The question of what is the relevant jurisdiction for cross-border healthcare provided by telemedicine presents unique challenges.
For example, in Australia, the Australian Medical Board has taken the view that medical practitioners providing medical services to patients in Australia must be registered with the Board regardless of where the practitioner is located[1]. In addition, many Australian laws, such as the Privacy Act 1988 (Cth) and the Australian Consumer Law will apply to overseas companies providing telehealth services to Australian residents.
However, the position differs in other countries, including in those of the European Union.
Case C-115/24 UJ v Österreichische Zahnärztekammer (Supreme Court, Austria)
The case C‑115/24 of the Court of Justice of the EU (Österreichische Zahnärztekammer) concerns the question of which national law applies to cross‑border telemedicine services within the EU.
Case C-115/24 involved a preliminary ruling under Article 267 TFEU by the ECJ, which was handed down on 11 September 2025 by the ECJ for final judgment to the Oberste Gerichtshof of Austria (the Austrian Supreme Court)[2] [3].
All European courts of last instance are required to stall proceedings and submit questions that can potentially infringe EU law to the ECJ for a preliminary ruling, which is binding for the courts of the member states of the EU.
This case involved telemedicine and cross-border healthcare across EU borders.
Legal question
The key issue was whether these cross‑border telemedical services must comply with the professional rules of the state where the patients are located (Austria) or those of the state where the service provider is established (Germany). This required interpretation of Directive 2011/24/EU on patients’ rights in cross‑border healthcare and its relationship with the freedom to provide services under EU law, which constitutes one of the four freedoms of the EU.
Relevant EU legislation
The case involved EU Directives 98/34 and (EU) 2015/1535.
Austrian law
The Austrian legal framework governing dentistry, as outlined in the EU-Patientenmobilitätsgesetz (Law on patient mobility in the European Union) and the Zahnärztegesetz ( ZÄG ) (Law on Dentists) does not contain a provision addressing telemedicine services.
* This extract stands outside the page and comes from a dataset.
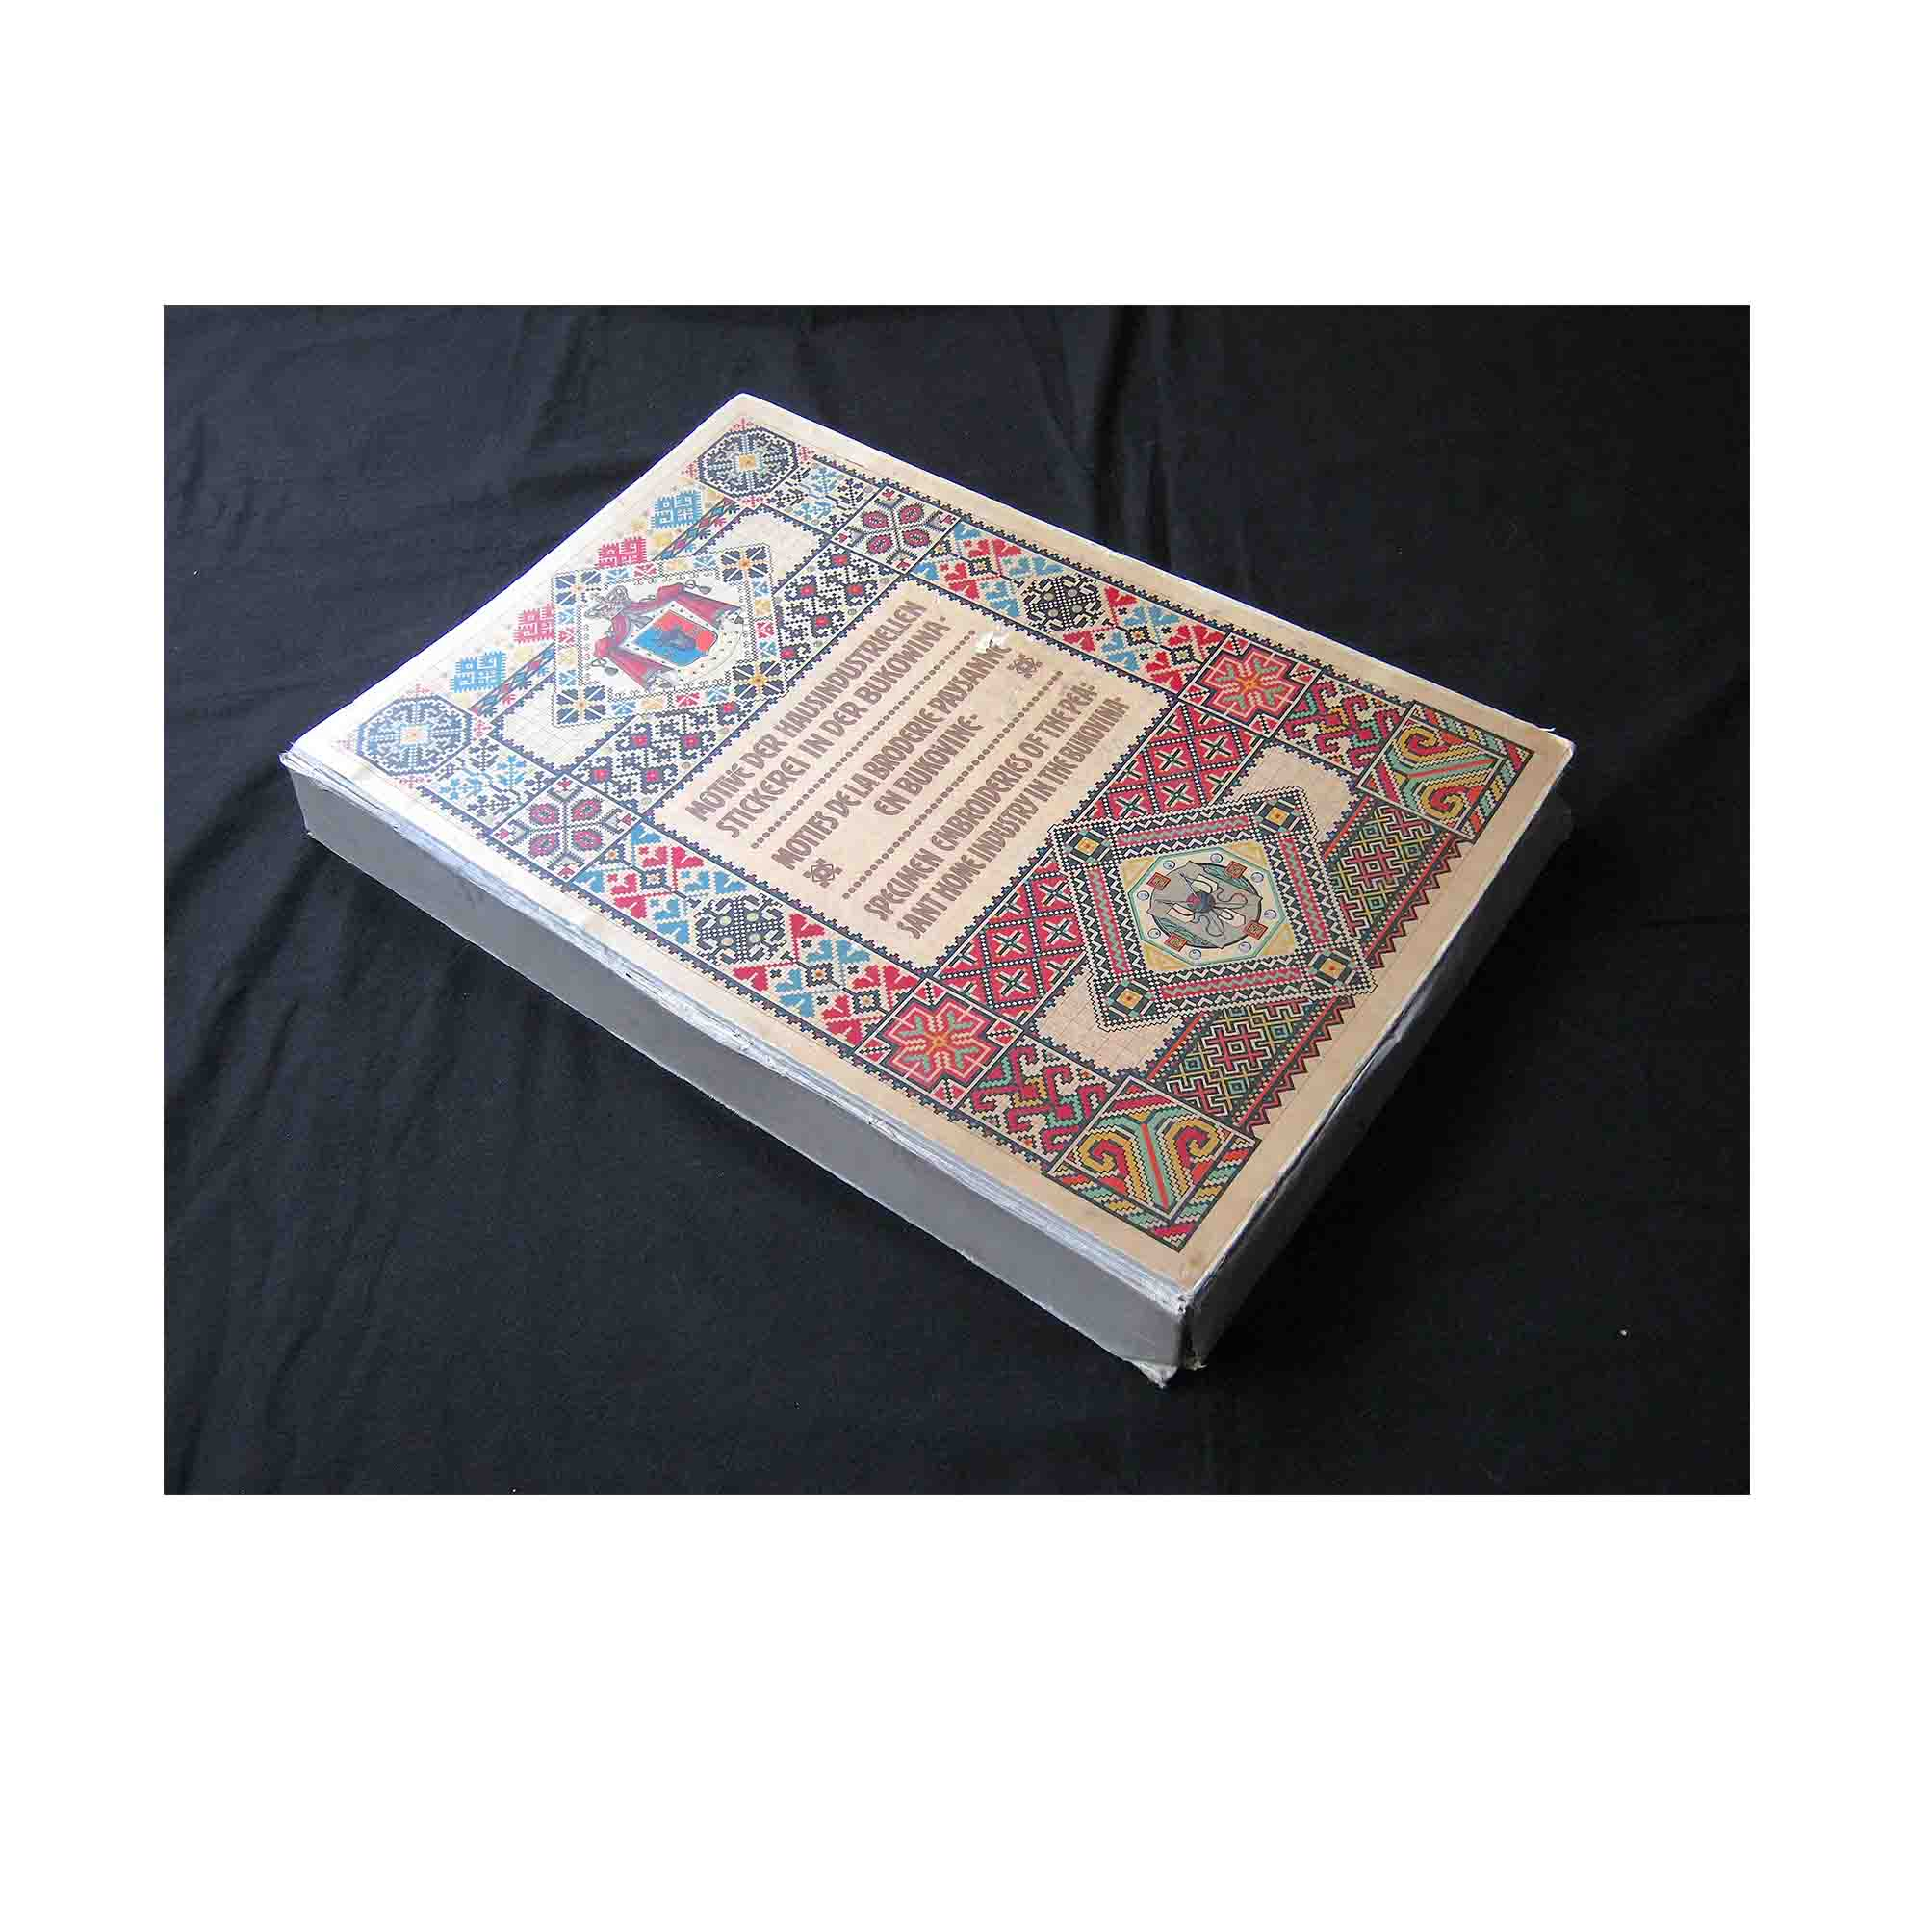 5709-Kolbenheyer-Stickerei-Bukowina-1912-Clamshell-Box-N.jpg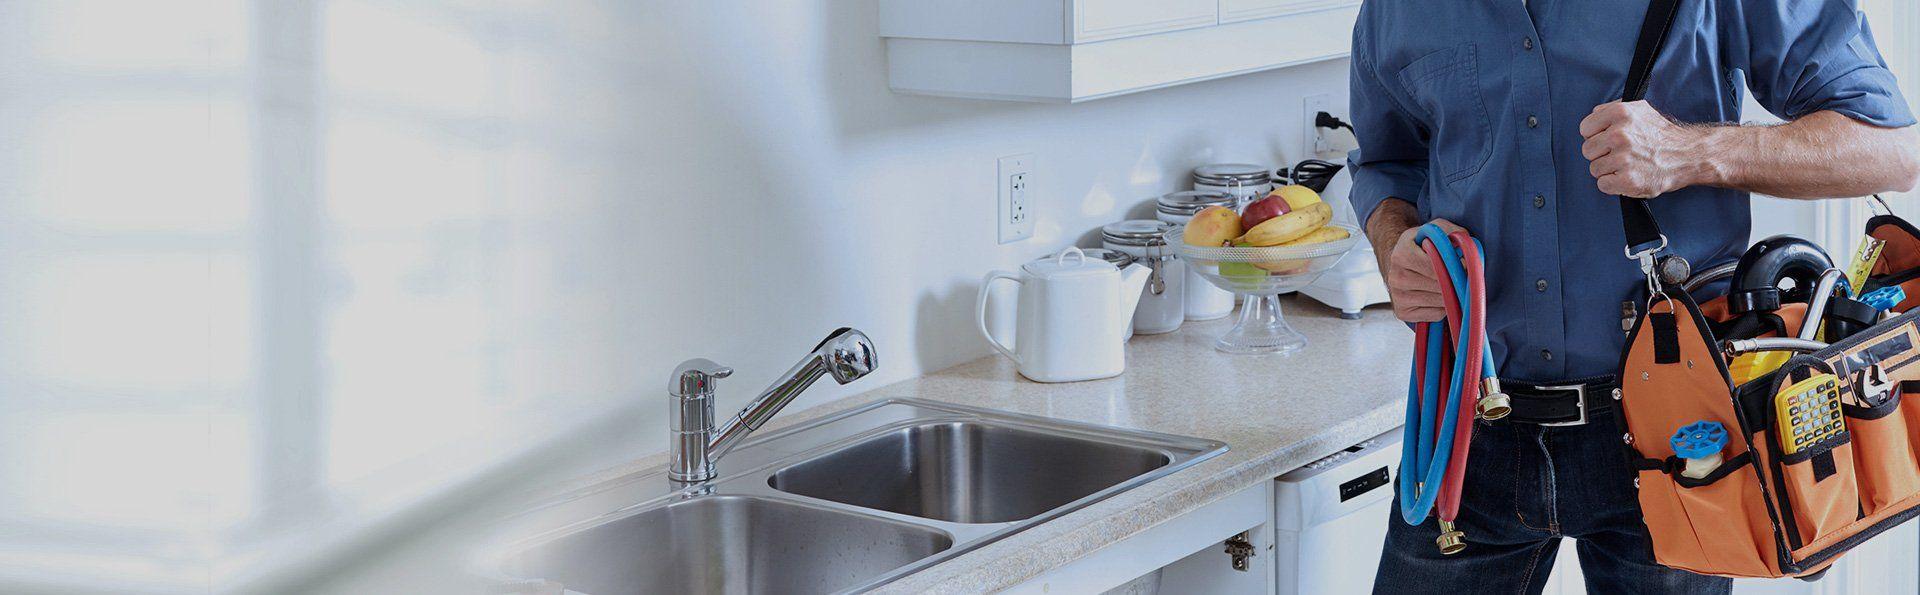 Plumbing Companies Toronto Licensed, Insured and

The ZÄG stipulates that only individuals qualified as dentists may practise the profession[4], and that dentists’ activities extend to complementary and alternative therapies, carried out directly or indirectly[5]. Further, dentists are expected to examine patients for diseases and oral treatment, which extends to the prescription of medicine, remedies and dental diagnostic aids[6].
It is also noted that, with reference to paragraph 31 of the EU-Patientenmobilitätsgesetz, which governs the freedom to provide dentistry services:
‘(1) Nationals of a State that is a party to the Agreement on the European Economic Area (EEA) or of the Swiss Confederation who lawfully practise the profession of dentist in one of the other States that are parties to the EEA Agreement, or in Switzerland, may, in the exercise of their freedom to provide services, temporarily practise as dentists in Austria, without being registered on the list of dentists, from their place of business or place of employment abroad.
(2) Before providing a dental service in Austria for the first time, which requires a temporary stay in federal territory, the service provider must notify the Austrian Dental Chamber in writing, via the Dental Chamber of the Land in which the service is to be provided, enclosing the following documents: …’
These legislative provisions are overseen by the Austrian Dental Chamber, the official regulatory authority representing dental practitioners and dentists in Austria.
Facts
The Austrian Dental Chamber is a body governed by public law headquartered in Vienna (Austria), whose task, according to the national legislation, is to represent the interests of Austrian dentists and dental practitioners.
UJ is a dentist practicing in Austria who is authorised, in the territory of that Member State, to treat patients under treatment contracts concluded with them.
Urban Technology GmbH is a German entity that advertises, via its website, invisible dental aligners which consist of transparent dental splints and are marketed under the brand name DrSmile. Potential customers can, via that website, request an appointment with a ‘partner dentist’ in Austria, such as UJ, practicing in the location they have selected. When such an appointment is made, that partner dentist, at his or her own surgery, takes a medical history, provides an initial consultation, makes a 3D scan of the jaw, and carries out any pre-treatments that might be necessary for the future dental splint therapy. That partner dentist then sends the images and a recommendation regarding the dental alignment procedure to DZK Deutsche Zahnklinik.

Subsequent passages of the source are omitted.